Hip tissue reconstruction can provide sufficient volume even in athletic women, but its use is limited due to potential asymmetry, longer surgery time, and postoperative care requirements. Regardless of the method chosen, the surgeon’s experience and the patient’s realistic understanding of options are the most important factors determining success.
Another key question is the timing of reconstruction. Breast reconstruction can be performed at any time after breast removal, including during the same operation. Immediate reconstruction often provides the best surgical results because tissues have not yet been affected by scarring or radiotherapy. However, the best surgical outcome does not always mean the highest patient satisfaction. Some women benefit psychologically from never experiencing breast loss, while others feel more satisfied with delayed reconstruction after processing the loss.
Breast reconstruction is a multi-stage surgical process. Nipple reconstruction, achieving symmetry with the opposite breast, and final refinements often require additional procedures.

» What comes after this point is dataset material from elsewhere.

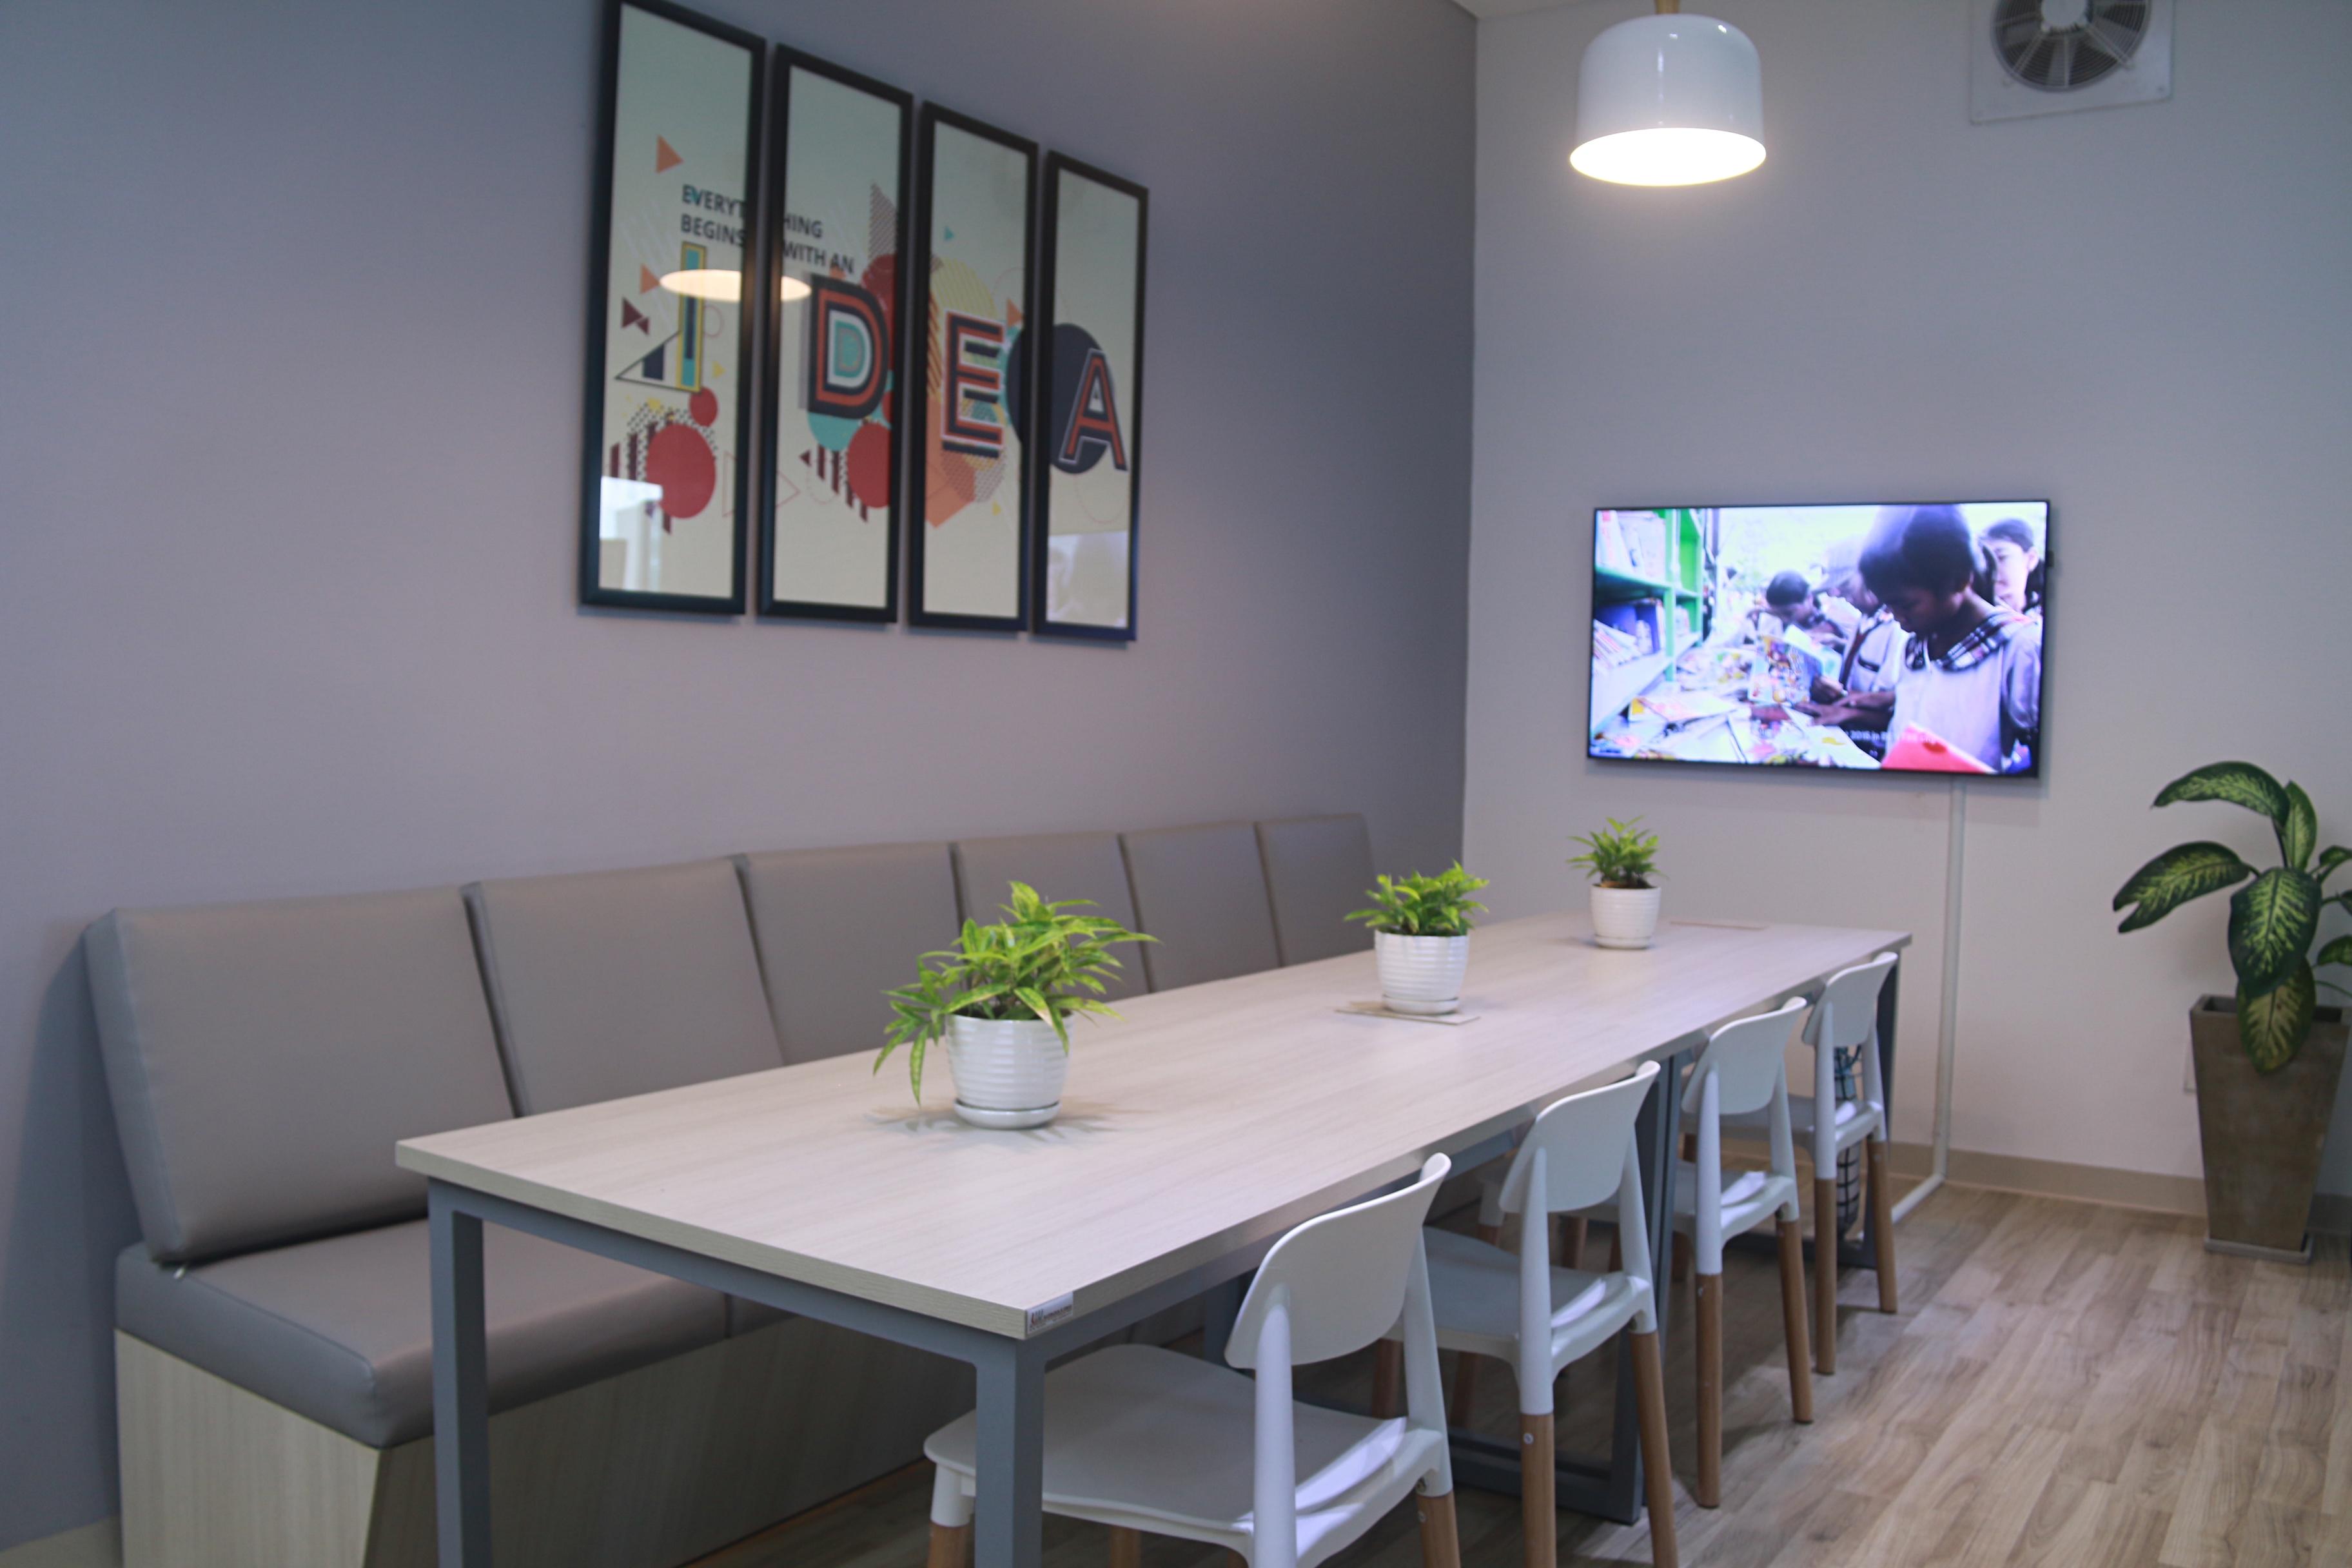 S.hub - không gian chia sẻ tri thức cực hot dành cho giới trẻ Đà Nẵng - Ảnh 8.
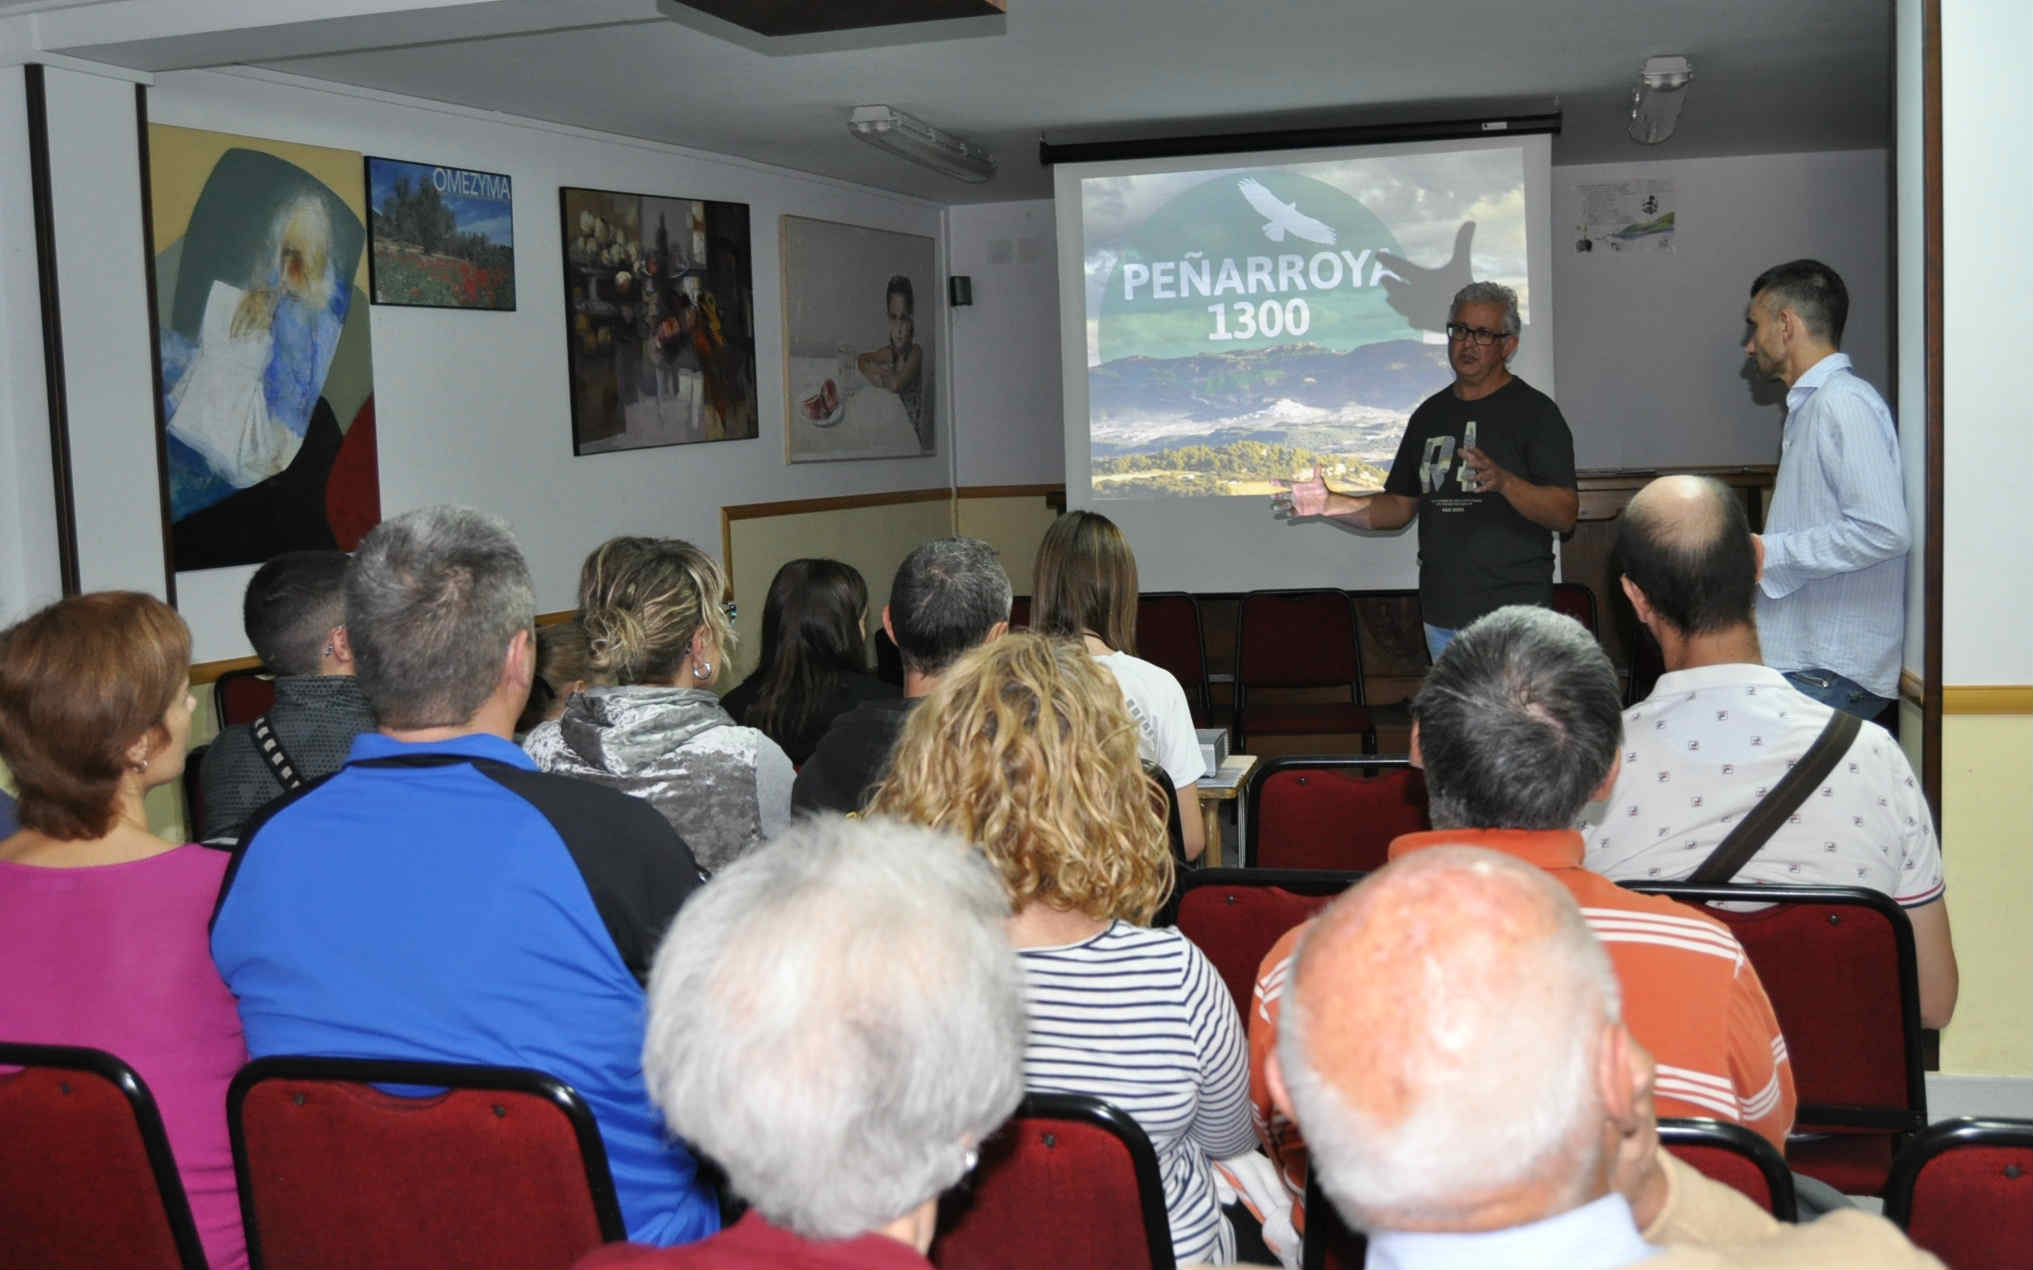 El organizador Luis Lizana y el alcalde de Peñarroya, Paco Esteve, presentaron las rutas Peñarroya 1300

Even if optimal surgical results are achieved during immediate reconstruction, patients may experience disappointment because the reconstructed breast may differ in shape and texture from the original. Ultimately, breast reconstruction, like many areas of plastic surgery, is an art. The subject of this art is the human being and the values represented. Therefore, informed patients and experienced plastic surgeons must work together to determine the most appropriate path for the patient and her environment.